Let, others who have this board or know this board comment. But PM our forum member 'sorcerer' to help you in this thread.


----------



## vwad (Jun 12, 2011)

saswat23 said:


> If you are not gonna OC your CPU, then why are you wasting a good 0.8k. Go with i5-2500 instead. But i would suggest you to stick with i5-2400 at 9.2k as i5-2500 costs 1k more for just a mere 200MHz more.
> So, save the remaining 1.8k and get a good H67 board instead. But IMO there is no such issue with Intel DH67BL.
> Let, others who have this board or know this board comment. But PM our forum member 'sorcerer' to help you in this thread.

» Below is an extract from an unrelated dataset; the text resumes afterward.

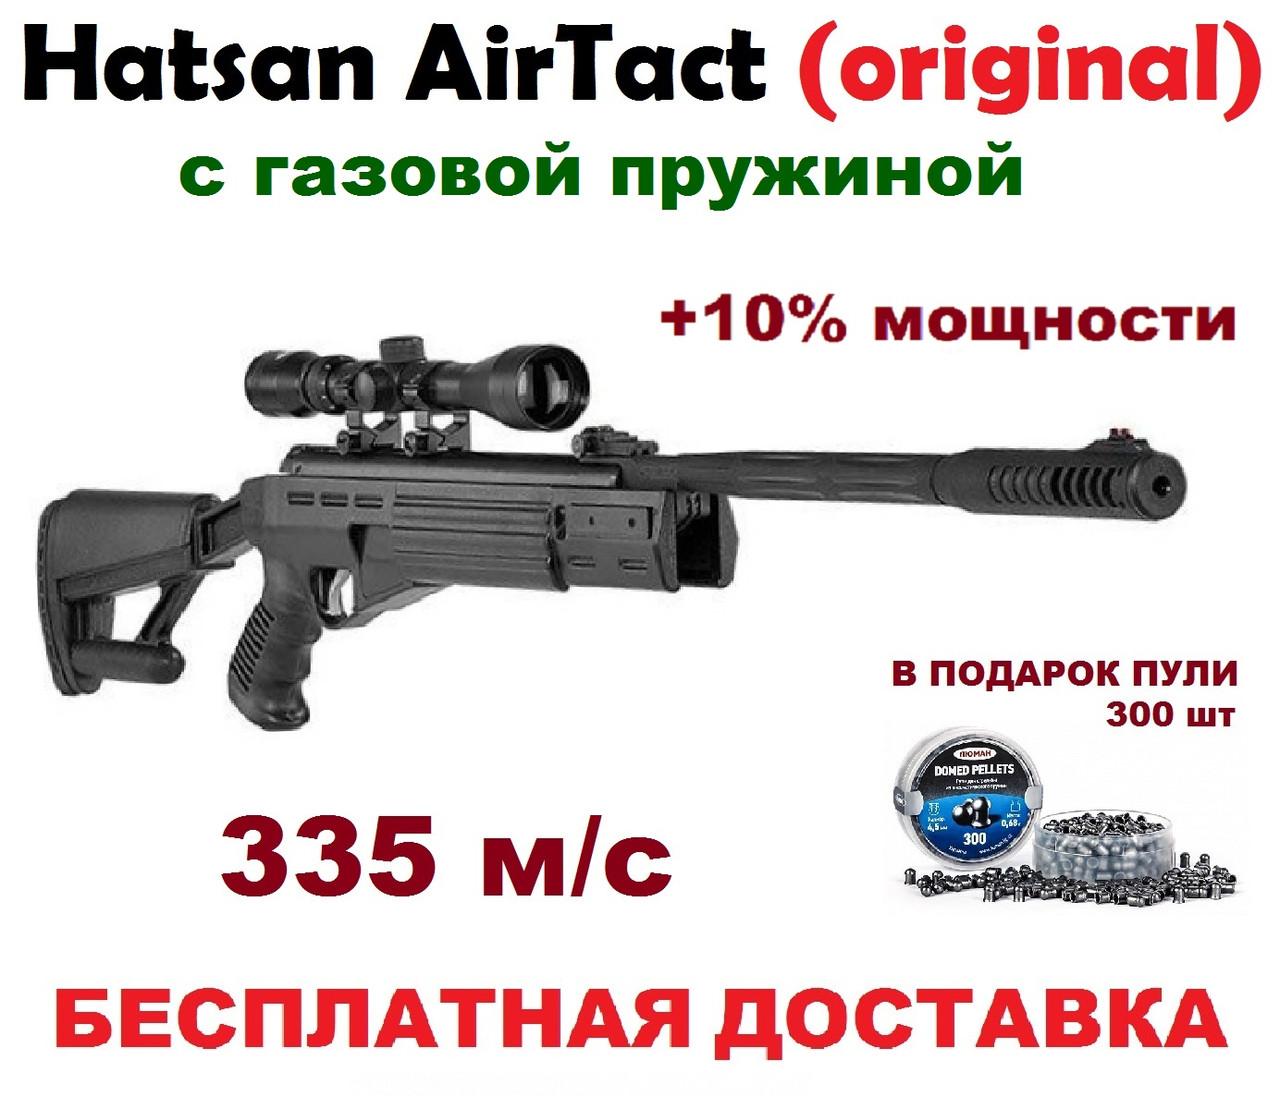 Пневматическая винтовка Hatsan AirTact с газовой пружиной 335 м/с, мощная воздушка хатсан Air Tact magnum

I second the suggestion regarding i5-2400, go for Asus H67 mobo instead.


----------



## hot zubs (Jun 20, 2011)

bought Core i5 2400 and Intel DH67BL-B3 just 2 days back its working perfectly fine no issues at all...


----------



## saswat23 (Jun 20, 2011)

Whats the price BTW..??


----------



## hot zubs (Jun 20, 2011)

bought i5 2400 + DH67BL-B3 for 13.8k at bangalore


----------



## warrior047 (Jul 1, 2011)

saswat23 said:


> If you are not gonna OC your CPU, then why are you wasting a good 0.8k. Go with i5-2500 instead. But i would suggest you to stick with i5-2400 at 9.2k as i5-2500 costs 1k more for just a mere 200MHz more.
> So, save the remaining 1.8k and get a good H67 board instead. But IMO there is no such issue with Intel DH67BL.
> Let, others who have this board or know this board comment. But PM our forum member 'sorcerer' to help you in this thread.



Agree.
I have bought Intel DH67BL with i5-2500. No issues as such!
Don't go for i5-2500k if u wanna go for H67.
Also go for i5-2500 only. It rocks!


----------